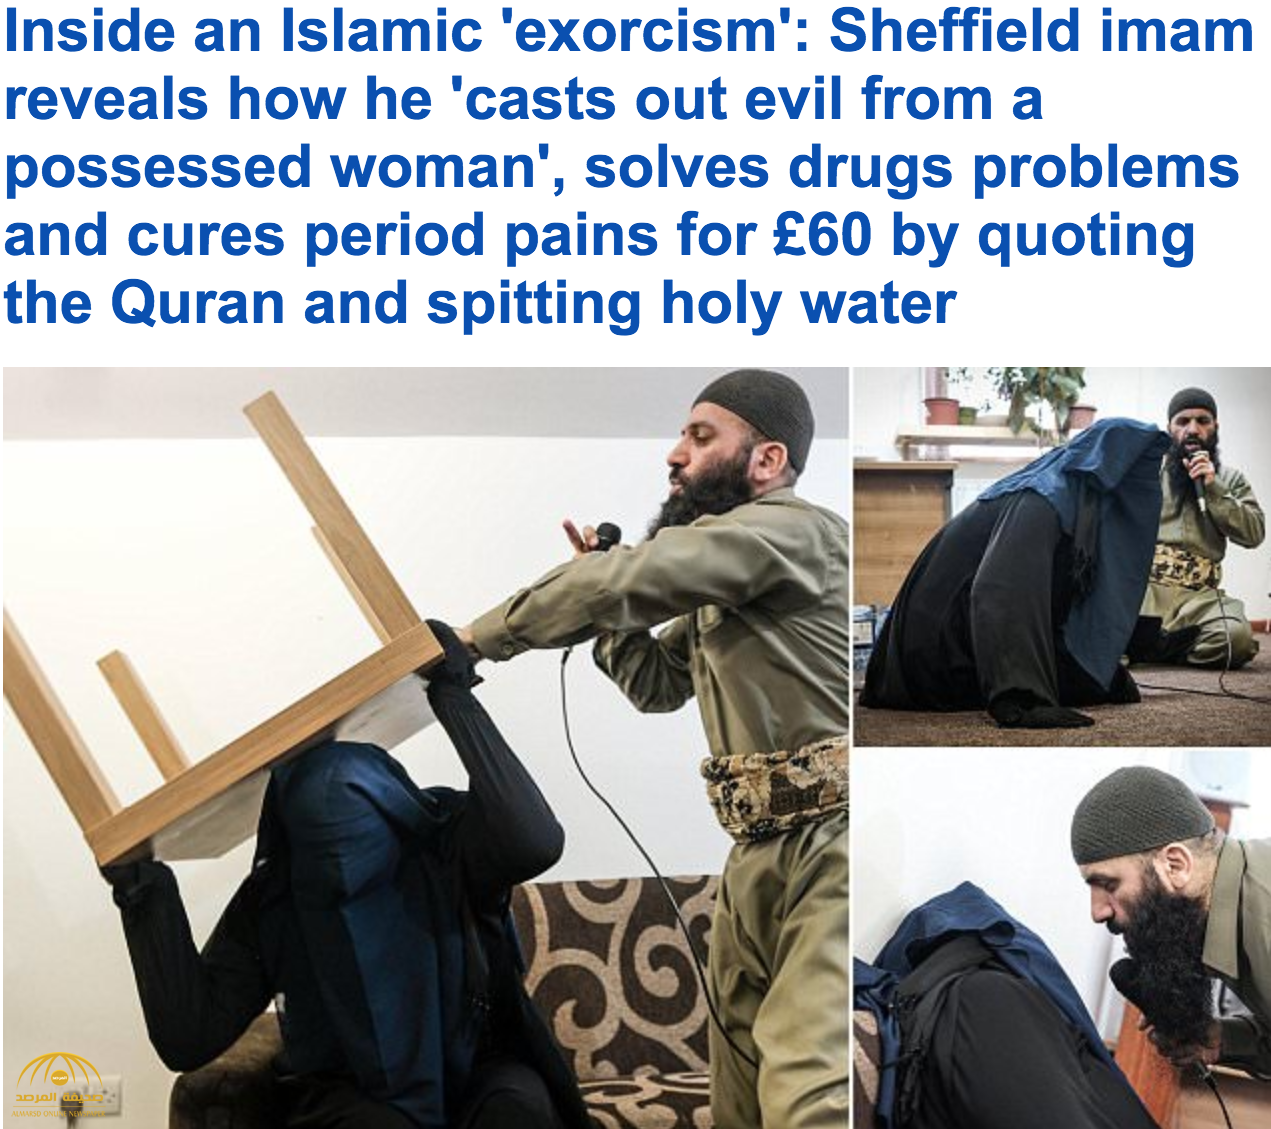 فيديو: شاهد.. إمام مسجد في بريطانيا يطرد "جن عاشق" من" فتاة" مقابل 60 جنيه إسترليني !
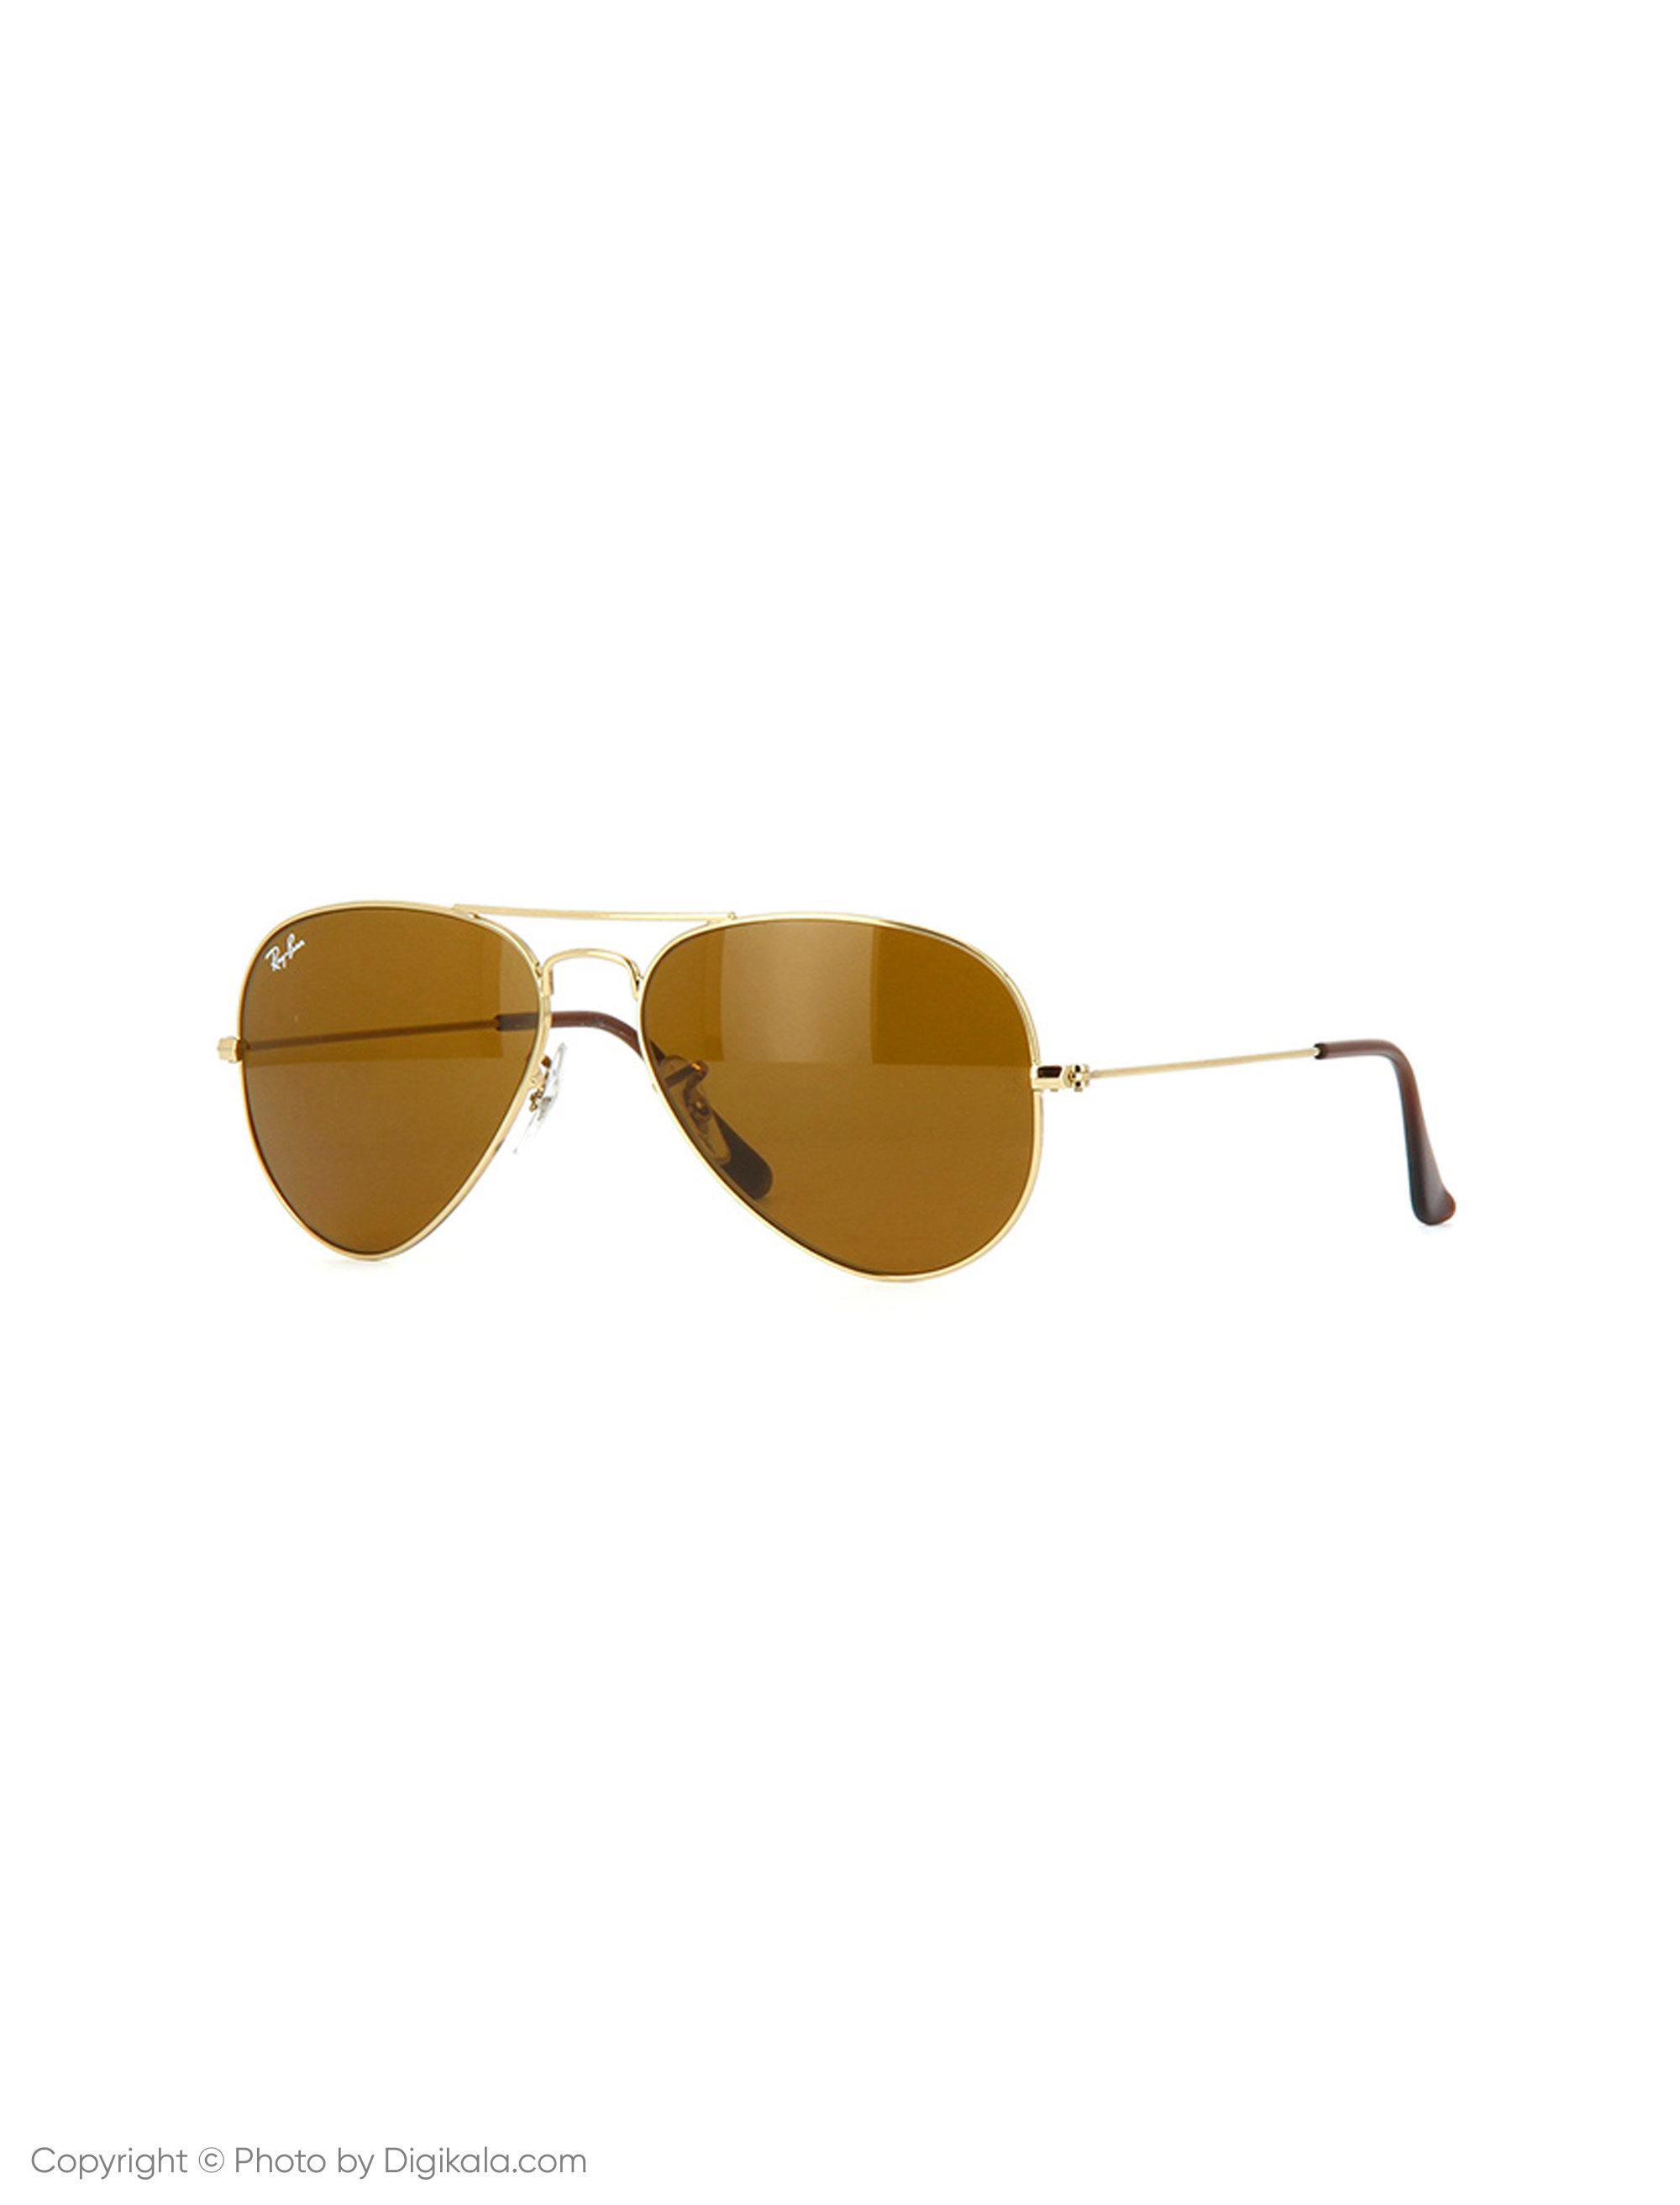 عینک آفتابی ری بن مدل 3025-001/33-58 - طلایی - 3
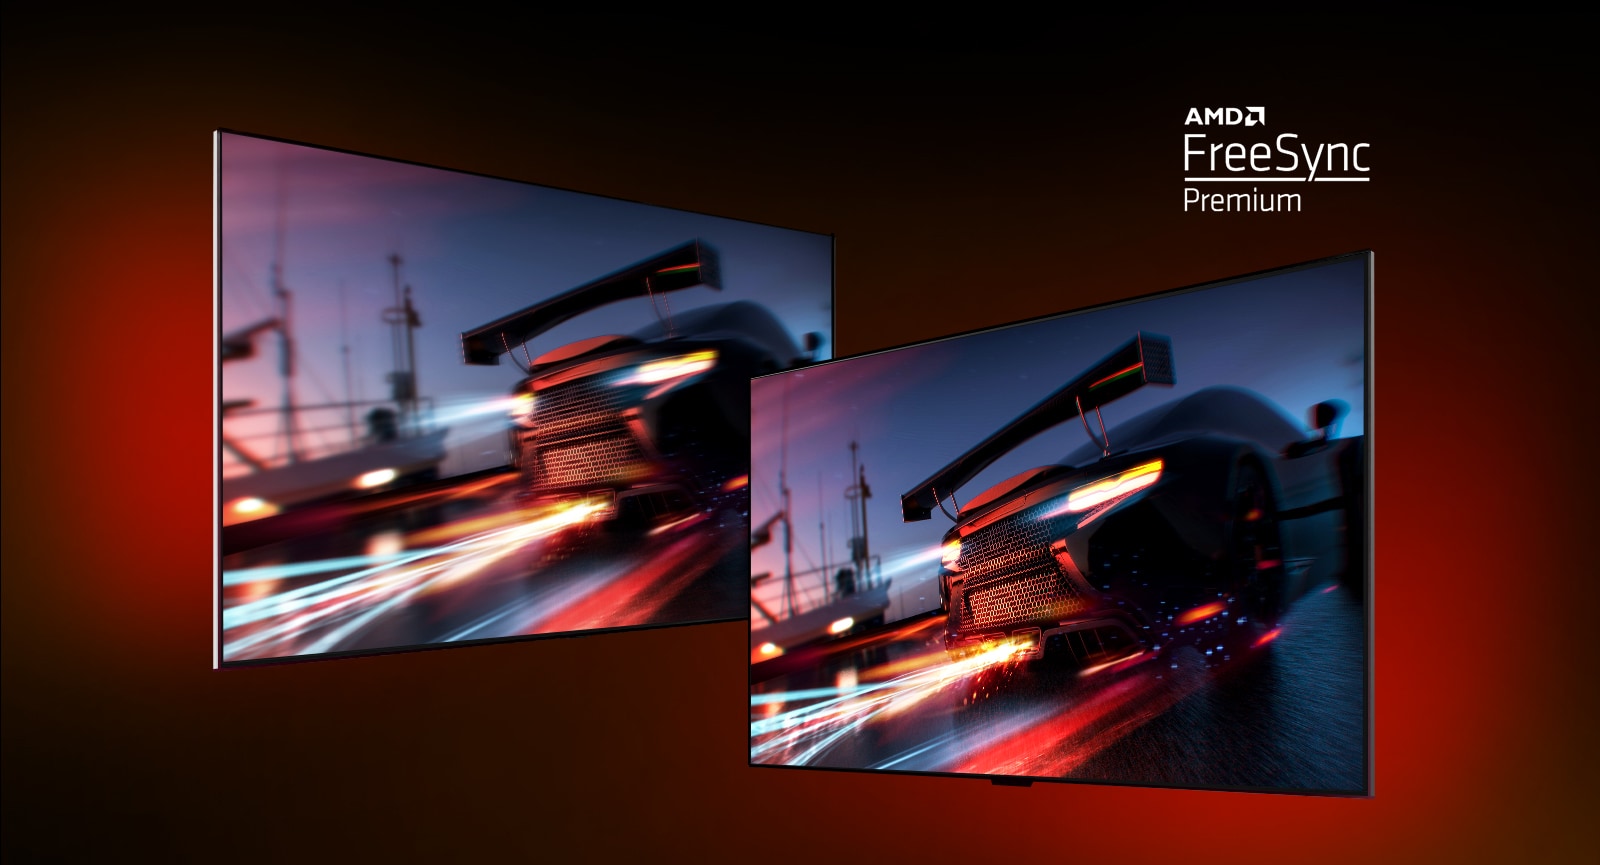 Dva televizorja sta - na levi je prizor iz videoigre FORTNITE z dirkalnikom. Na desni je prikazan tudi prizor iz video igre, vendar v svetlejši in jasnejši sliki. V zgornjem desnem kotu je prikazan logotip AMD FreeSync Premium.

• • • •

Exercise instructions: Repeat the listing verbatim. Skip the pictures.

Response to the exercise:
 فيديو: شاهد.. إمام مسجد في بريطانيا يطرد "جن عاشق" من" فتاة" مقابل 60 جنيه إسترليني !
 عینک آفتابی ری بن مدل 3025-001/33-58 - طلایی - 3
 Dva televizorja sta - na levi je prizor iz videoigre FORTNITE z dirkalnikom. Na desni je prikazan tudi prizor iz video igre, vendar v svetlejši in jasnejši sliki. V zgornjem desnem kotu je prikazan logotip AMD FreeSync Premium.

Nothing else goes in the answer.